From: Carl Feynman (carlf@atg.com)
Date: Wed Jul 02 1997 - 16:43:30 MDT
At 01:27 PM 7/2/97 -0600, Brent Allsop wrote:
>That is why computer motivation has to be
>laboriously and complexly programmed while our representations give us
>simple, direct, intrinsic, natural, and much more robust motivations.
Simple: It takes about thirty thousand genes, each hundreds of bases long,
plus thousands of hours interacting with all the complexity of the real
world, to produce human motivations. This is simple? It's immensely more
complex than any AI program I've ever seen the inside of.
Direct: It takes millions of neuron firings in a neural network at least
dozens of levels deep to produce even the tiniest human action.

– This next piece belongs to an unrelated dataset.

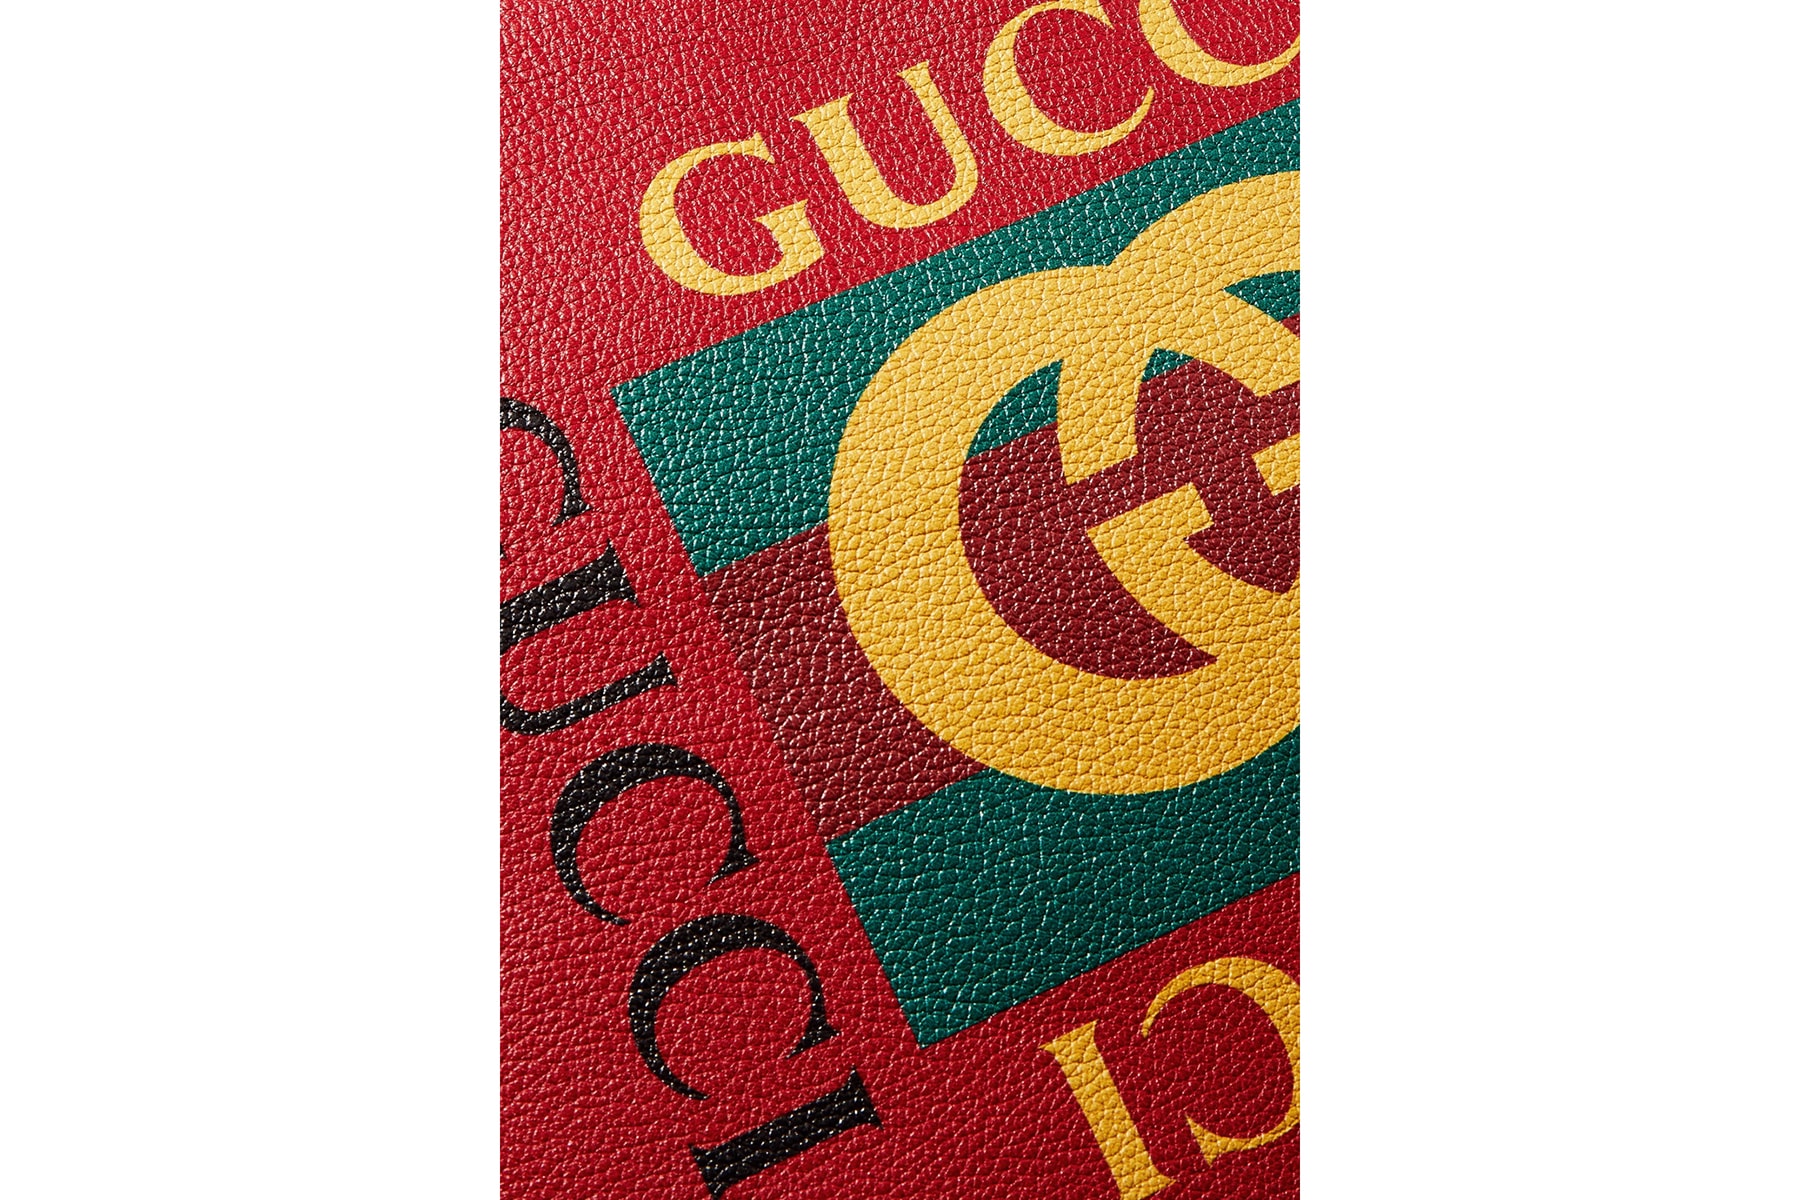 gucci vintage logo red leather pouch hibiscus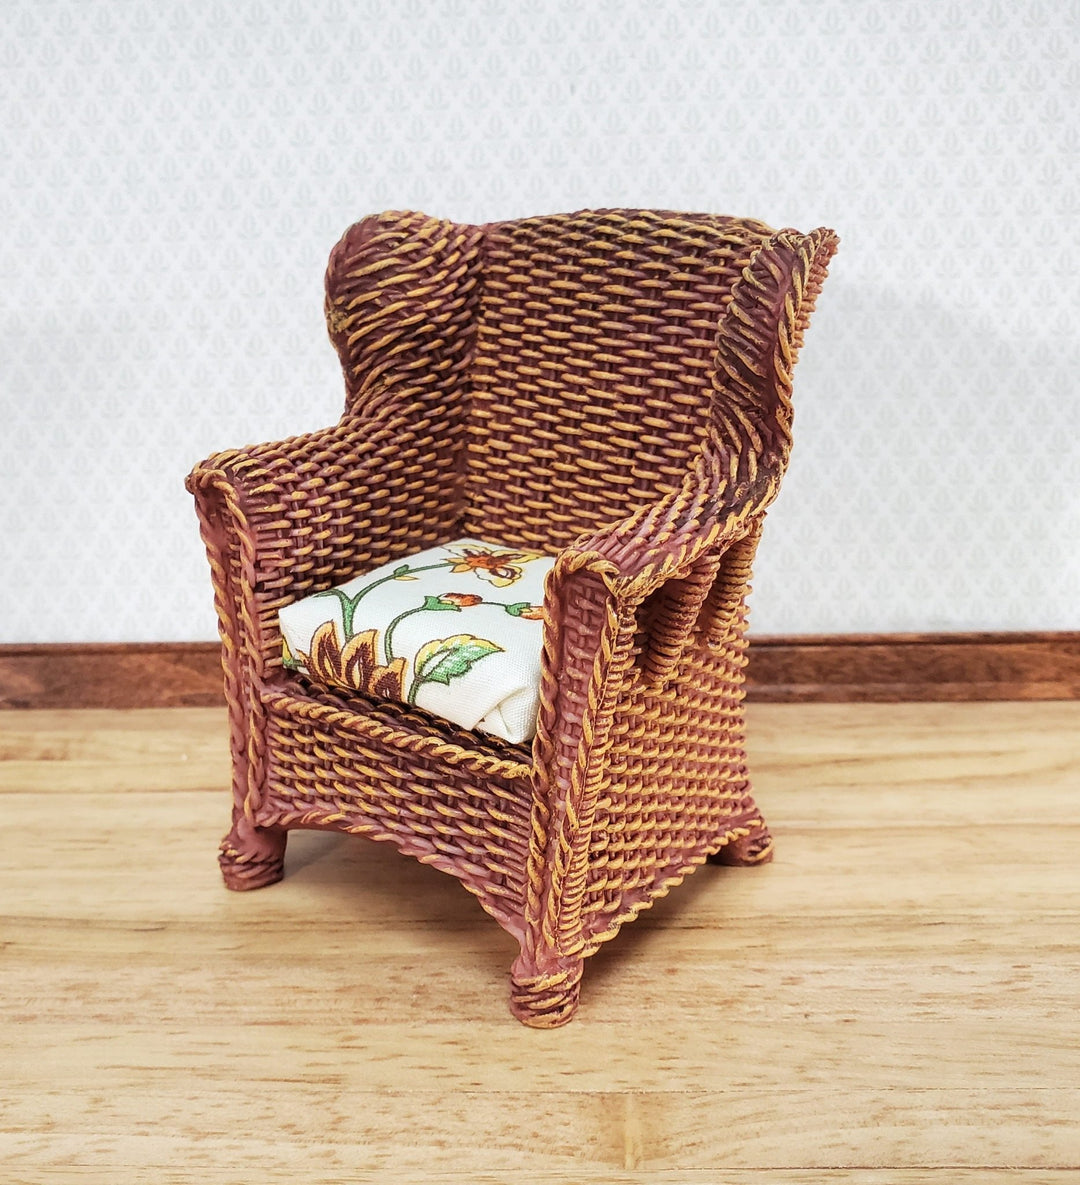 Dollhouse Resin Rattan Wicker Chair with Cushion 1:12 Scale Miniature Furniture by Reutter - Miniature Crush

They seem simple and direct because the conscious mind, whose purpose is to
think about what the rest of the mind is doing, and tweak it, has a very
simple and direct model. It took modern science to reveal what an
incredibly complicated mess the mind actually is. Don't let your
consciousness fool you into thinking motivations (or any other parts of
yourself) are simple. Introspection is profoundly deceptive.
As for intrinsic, natural and robust, I'll agree with you there. Evolution
is a more robust designer than humans are, because it's made so many more
mistakes. And of course the results are natural and intrinsic.